What do your inserts look like with regards to predicates? Ie do you have lots of predicates with high cardinality of values, or just a couple predicates that you write to heavily?

@seanlaff Thanks for the reply,my scheme like this

<xid>:string @index(hash) @upsert .
<rel1>:uid @reverse .
<rel2>:uid @reverse .
<attr1>:int @index(int) .
<attr2>:int @index(int) .
<attr3>:int @index(int) .
<attr4>:int @index(int) .
<attr5>:int @index(int) .
<attr6>:int @index(int) .
<attr7>:int @index(int) .

My test request process is

1. check xid exists
2. create node
3. set attr

Dgraph looks like just can provide 40qps when I scale dgraph instance(more vpu,more mem), its still just provide 40qps,im confused.

What do these parameters mean?

Also have you tried increasing the concurrency for your requests? Can you share the exact queries and mutations with as script on how to reproduce these results? The throughput numbers depend on your queries/mutations and the machine that you are using. If you can share exact steps to reproduce then we could help here.

@pawan Thanks for the reply.

wrk2 -t5 -c20 -R40 -d2m

wrk2 is a modern HTTP benchmarking tool. wrk2

 Parameters mean :
-t, --threads     <N>  Number of threads to use
-c, --connections <N>  Connections to keep open
-d, --duration    <T>  Duration of test 
-R, --rate        <T>  work rate (throughput)     
                           in requests/sec (total)    
                           [Required Parameter]

Test model:

wrk2 -> PHP service -> dgraph

Test env:

dgraph v1.0.16 deploy in AWS m5d.xlarge( single host ) 
m5d.xlarge instance has 130G NVMe local storge

Test scheme:

<xid>:string @index(hash) @upsert .
<rel1>:uid @reverse .
<rel2>:uid @reverse .
<attr1>:int @index(int) .
<attr2>:int @index(int) .
<attr3>:int @index(int) .
<attr4>:int @index(int) .
<attr5>:int @index(int) .
<attr6>:int @index(int) .
<attr7>:int @index(int) .

Test request include query/mutate:

Start a transaction

curl -H "Content-Type: application/graphql+-" -X POST 172.30.29.135:8087/query -d '
{
    q(func: eq(xid, ["ww_u_167507121152"])) { uid xid }
}
'
curl -H "X-Dgraph-MutationType: json" -X POST 172.30.29.135:8087/mutate?startTs=0 -d '
{
    "set":[
        {
            "xid":"ww_u_167507121152",
            "uid":"_:ww_u_167507121152"
        }
    ]
}
'
Commit transaction

curl -H "Content-Type: application/graphql+-" -X POST 172.30.29.135:8087/query -d '
{
    q(func: eq(xid, ["ww_u_167507121152"])) { uid xid }
}
'
curl -H "X-Dgraph-MutationType: json" -X POST 172.30.29.135:8087/mutate?startTs=0 -d '
{
    "set":[
        {
            "attr1":49800,
            "attr2":100,
            "attr3":100,
            "attr4":0,
            "attr5":1596526586,
            "uid":"0x9d99f4"
        }
    ]
}

Test result:

wrk2 -t2 -c5 -R80 -d2m

  Latency Distribution (HdrHistogram - Uncorrected Latency (measured without taking delayed starts into account))
 50.000%   66.50ms
 75.000%   84.42ms
 90.000%  101.57ms
 99.000%  139.01ms
 99.900%  536.06ms
 99.990%    1.23s 
 99.999%    1.31s 
100.000%    1.31s 
----------------------------------------------------------
  7141 requests in 2.00m, 1.89MB read
Requests/sec:     59.50
Transfer/sec:     16.15KB

cpu 40%
DiskWriteOps 1500

You can try to reproduce. Thank you so much.

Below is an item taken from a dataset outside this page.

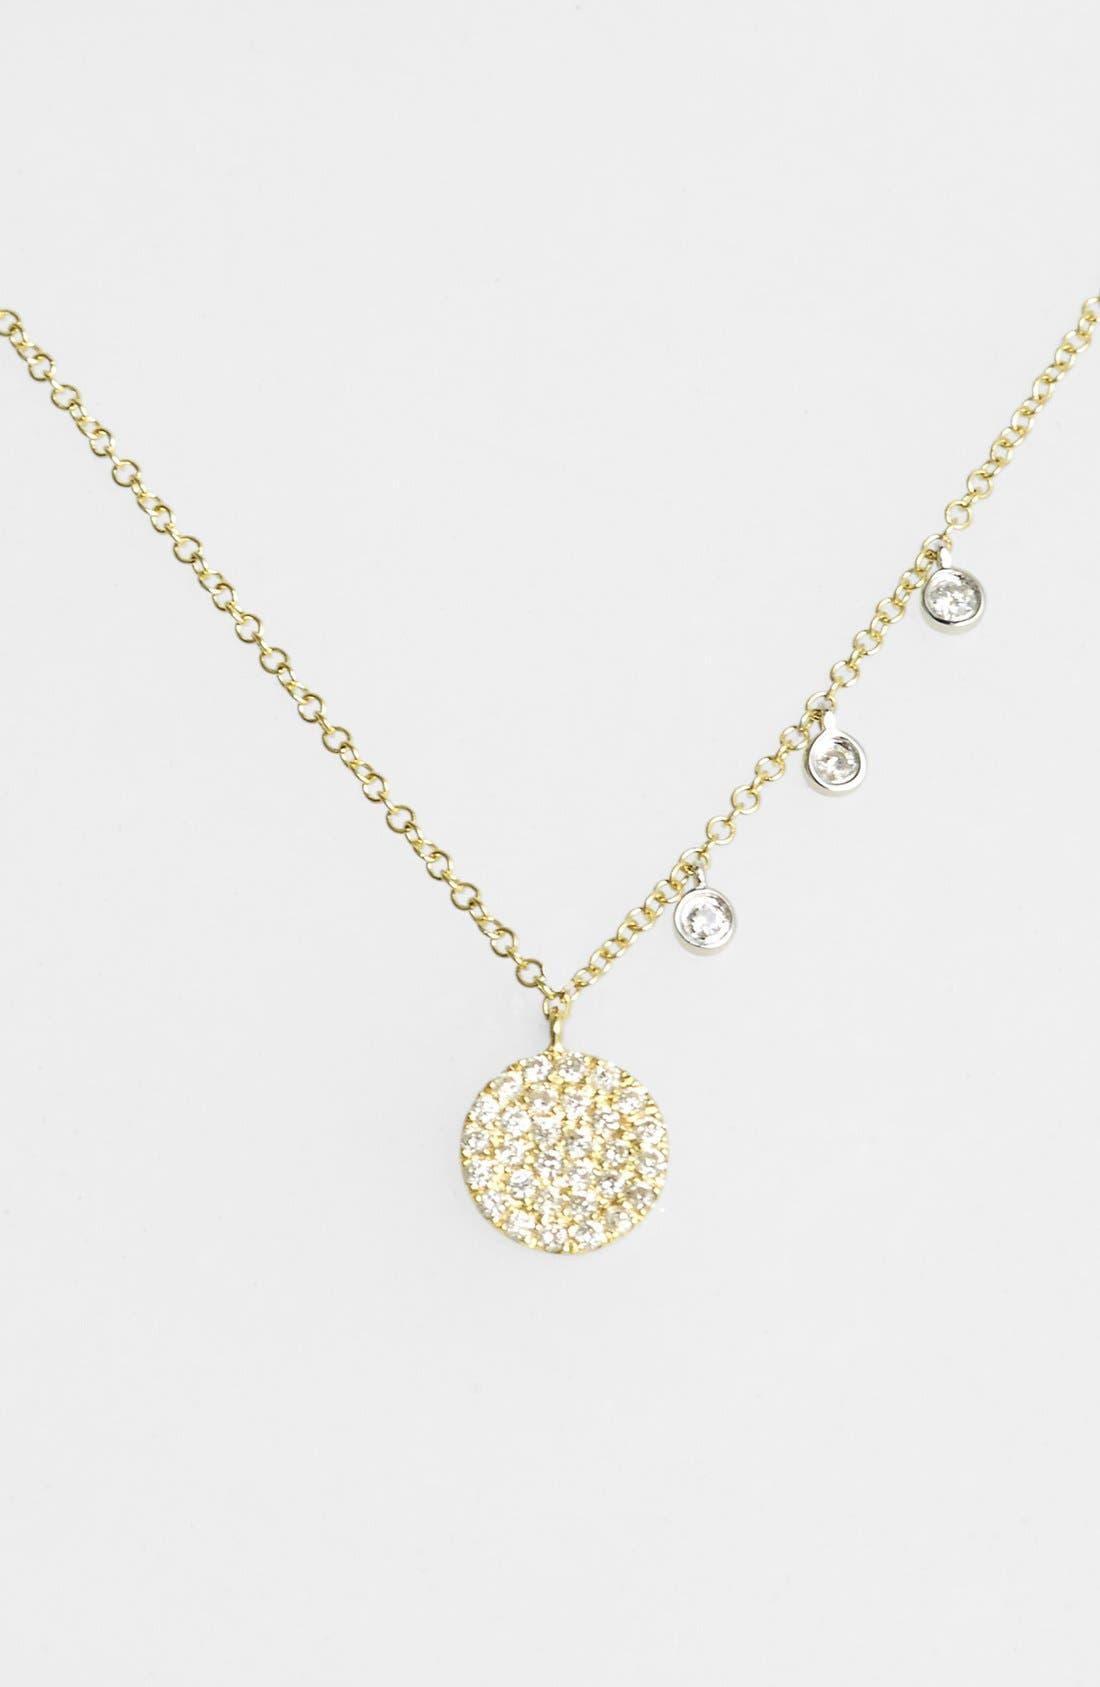 Women's Meira T Dazzling Diamond Disc Pendant Necklace -  1N7176-Y

So I noticed that you specify R (rate) as 40/sec and you are getting the same as throughput which seems good to me. Maybe you should try with larger values of R to test the limits here?

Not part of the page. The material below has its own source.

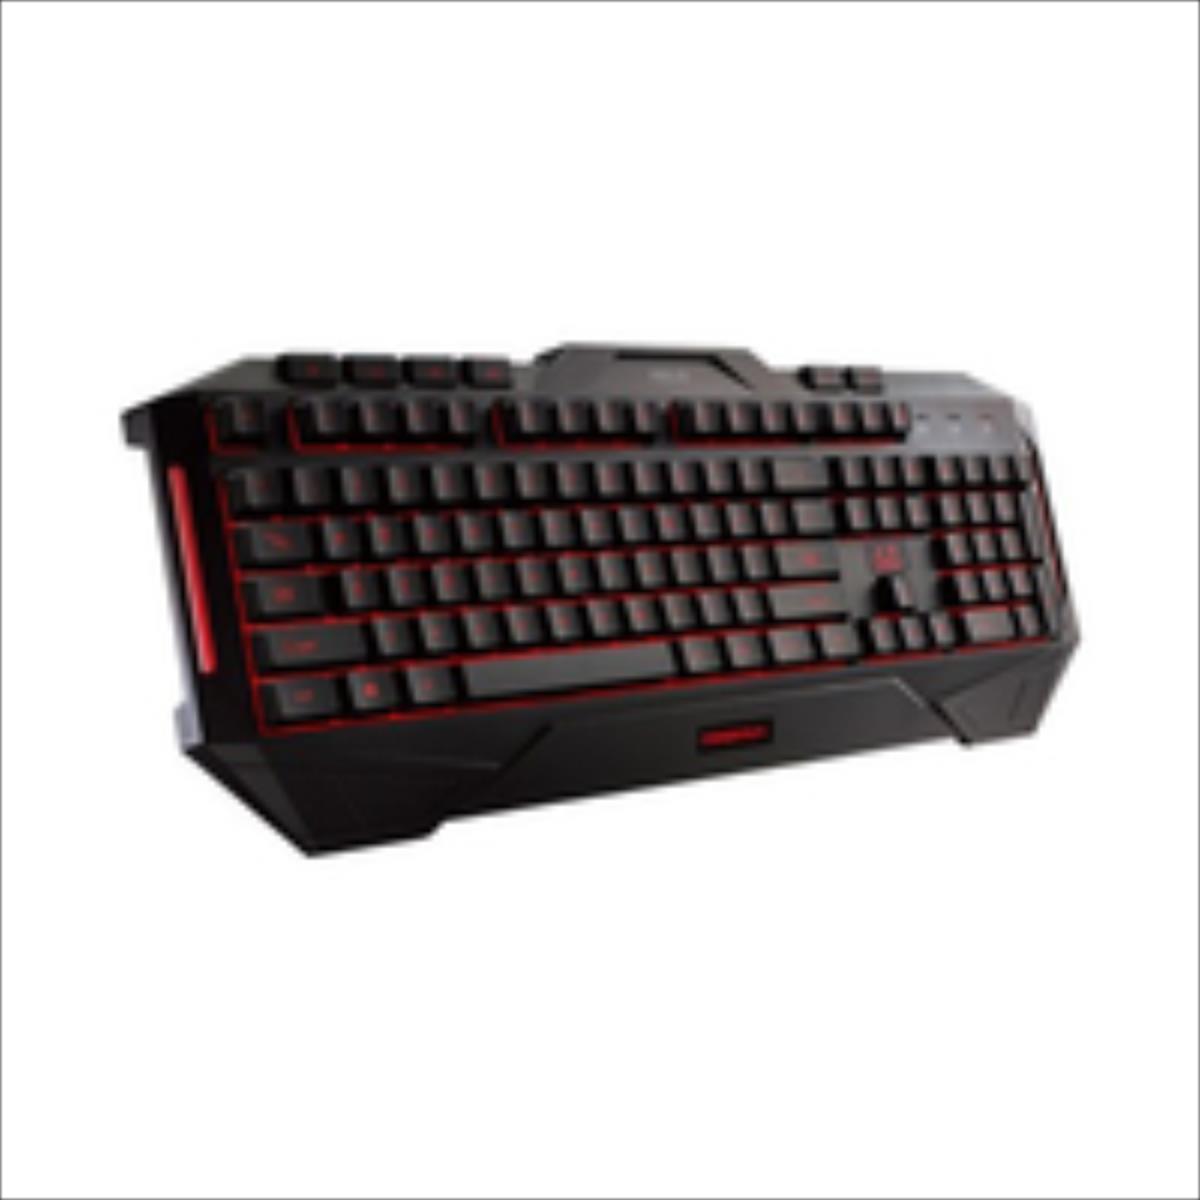 ASUS Cerberus Gaming Keyboard - DE-Layout QWERTZ klaviatūra

Also you seem to be using a really old version of Dgraph. I’d recommend using the latest version as we would have made many improvements since 1.0.16.

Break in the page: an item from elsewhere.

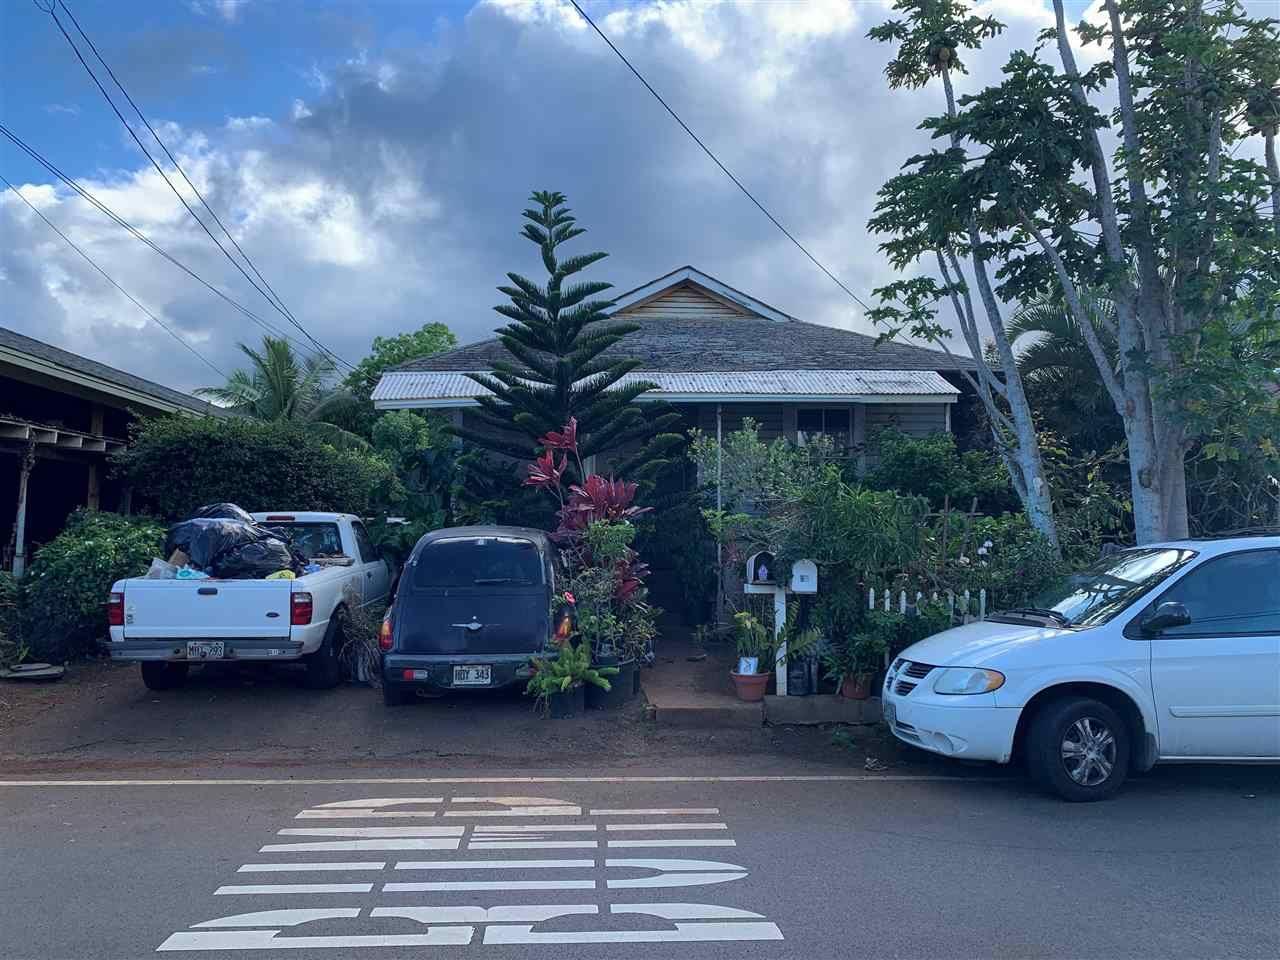 Photo of 95 Mission St, Wailuku, HI 96793-1833 (MLS # 391131)

@pawan When i change R to 80, Test result:

wrk2 -t2 -c5 -R80 -d2m

  Latency Distribution (HdrHistogram - Uncorrected Latency (measured without taking delayed starts into account))
 50.000%   66.50ms
 75.000%   84.42ms
 90.000%  101.57ms
 99.000%  139.01ms
 99.900%  536.06ms
 99.990%    1.23s 
 99.999%    1.31s 
100.000%    1.31s 
----------------------------------------------------------
  7141 requests in 2.00m, 1.89MB read
Requests/sec:     59.50
Transfer/sec:     16.15KB

cpu 40%
DiskWriteOps 1500

cpu and disk does not appear to be a bottleneck,

I will run the same test case at latest version.